My first image shown above is one of the ten mixed-media silk-screen prints of my “Divine Comedy” series from 2002. After I made the silk screen, I then used colored pencils and drawing ink to refine the central image of Dante. However, as a composition, I never felt that it was completed. The beginning silk screen layers are too separate and the standing-figure-in-an-alcove design was too static. Although I did complete the class assignment, I then put these prints in my file drawer for the next 18 years. Dante himself might have been disappointed.

After these 18 years of not deciding what to do with these silk-screen prints, I finally decided that I am a painter and that I could improve these prints with some gouache painting. For all of those not familiar with this medium, gouache paints are water-based opaque paint that goes back about 150 years. Most watercolor painters don’t like to used opaque paints, because they are not transparent unless the color is thinned down with lots of water. My second image shown above of the #5 silk-screen print includes both thick and thin gouache painted over parts of the original silk screen work. I chose a light valued blue-grey color, which includes white gouache to lighten the value, as well as added water to thin the paint and make it semi-transparent.
Comparing these two images, one can see that the blue-grey lines added over the reds, yellows, greens and the bare white paper really integrates the composition and adds its own painterly marks. I varied the density of the blue-greys in different areas to get a mixture of subtle variations. They cool down the bright yellows and the hot flat reds to add more variety of color to the silk screen print and to soften many of the hard-edged color shapes that did not come together. Also, there are variations in the blue-grey gouache in parallel brush strokes that add a variety of mark making and texture as well as cool color.

In my third image shown above I show another application of light blue-grey gouache to another one of the ten silk screens. I point out that there were some variations in each of the original ten silk screen prints. Again, I added a light blue-grey brush marks over many of the original colors, and gain a better integration of the composition. In this one I also added a light-warm pink gouache color to the central figure’s face and left arm, because the values and color were off. In the red alcove area above the figure, the light blue-greys are shifted with more blues in some of the marks to both reduce the flat broad red area and add more variation to the alcove. Note too that adding the blue-grey completes the color composition and makes it more pleasing to the eye.

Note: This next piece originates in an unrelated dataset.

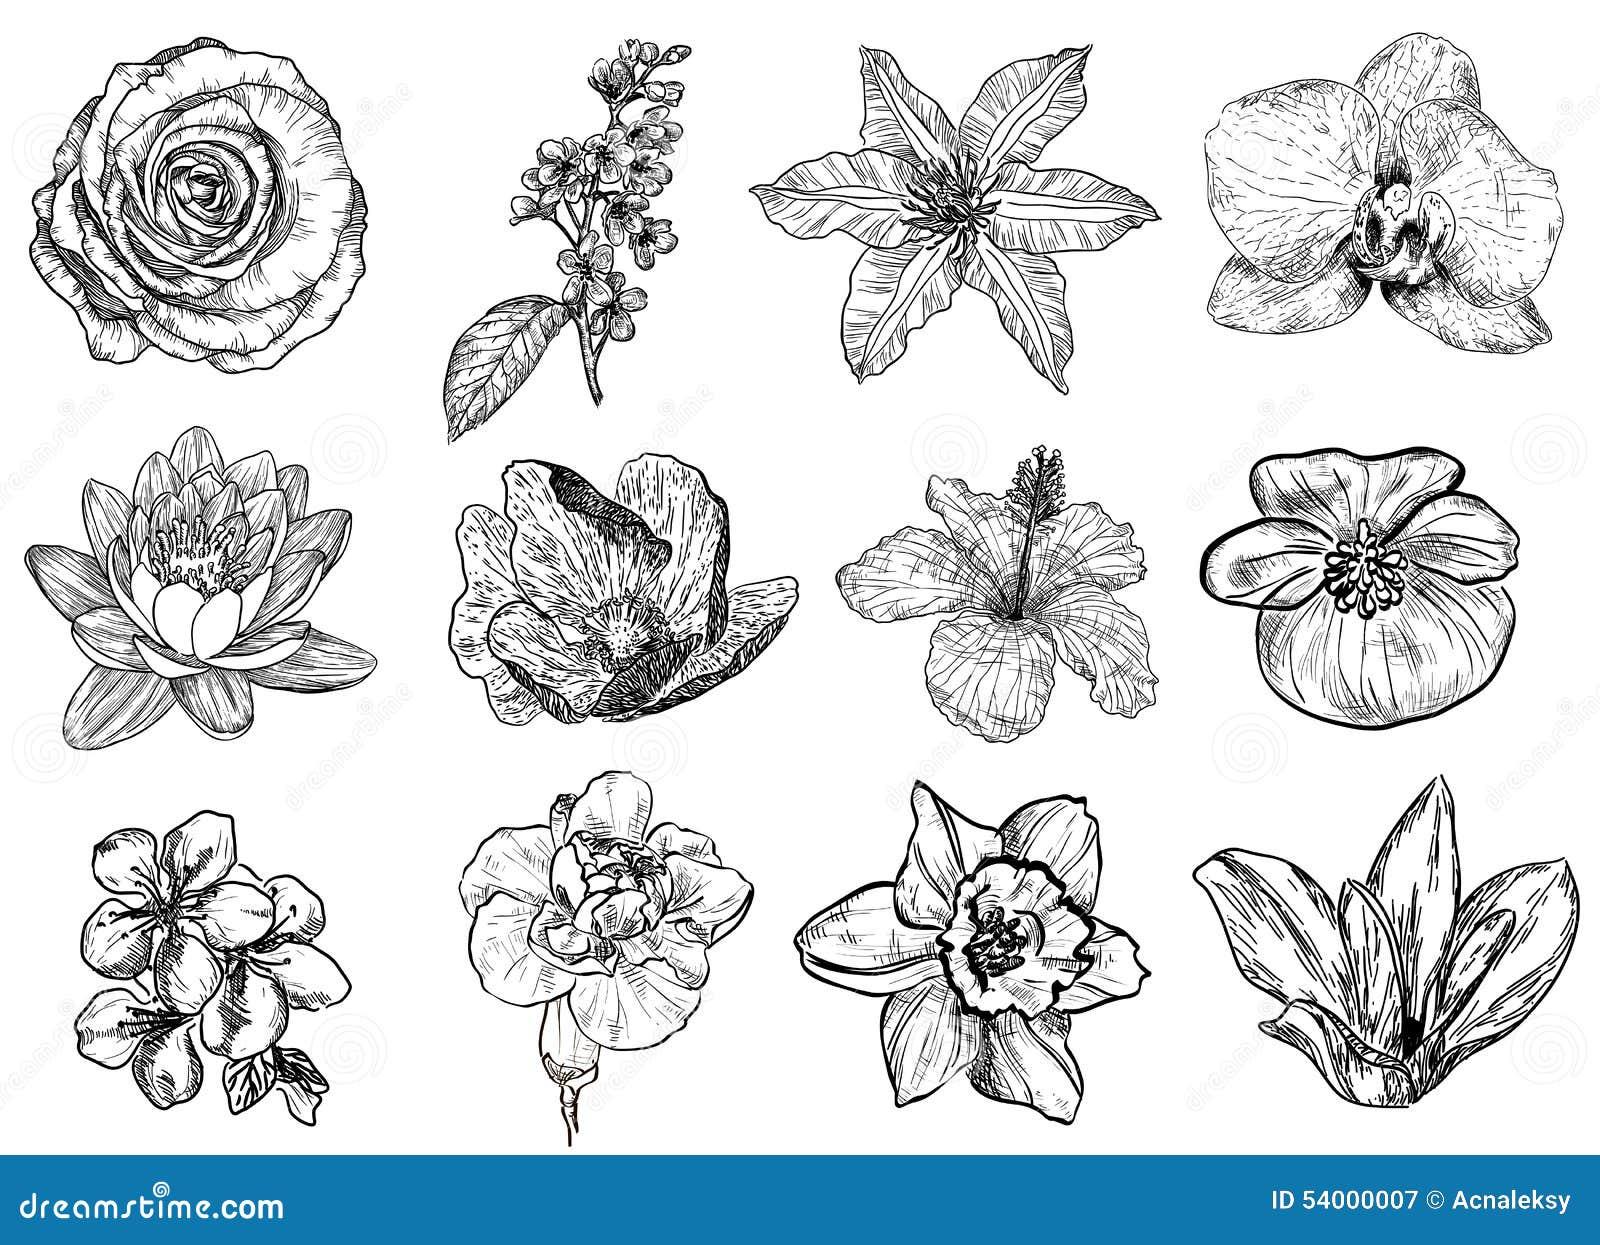 Vector Illustration Flowers Black White Stock Illustrations 33 151

For my Dante figure I found an old painting of him, done after he had passed away. But it gave me a model to work from. None of the ten images in the ten silk screens are really not the same, but that does not matter to a Modernist painter in the 21st century. I hope that those reading this blog are following my logic and argument that you can draw on the Western art tradition of painting, and even make references to the past, while making a contemporary work or art.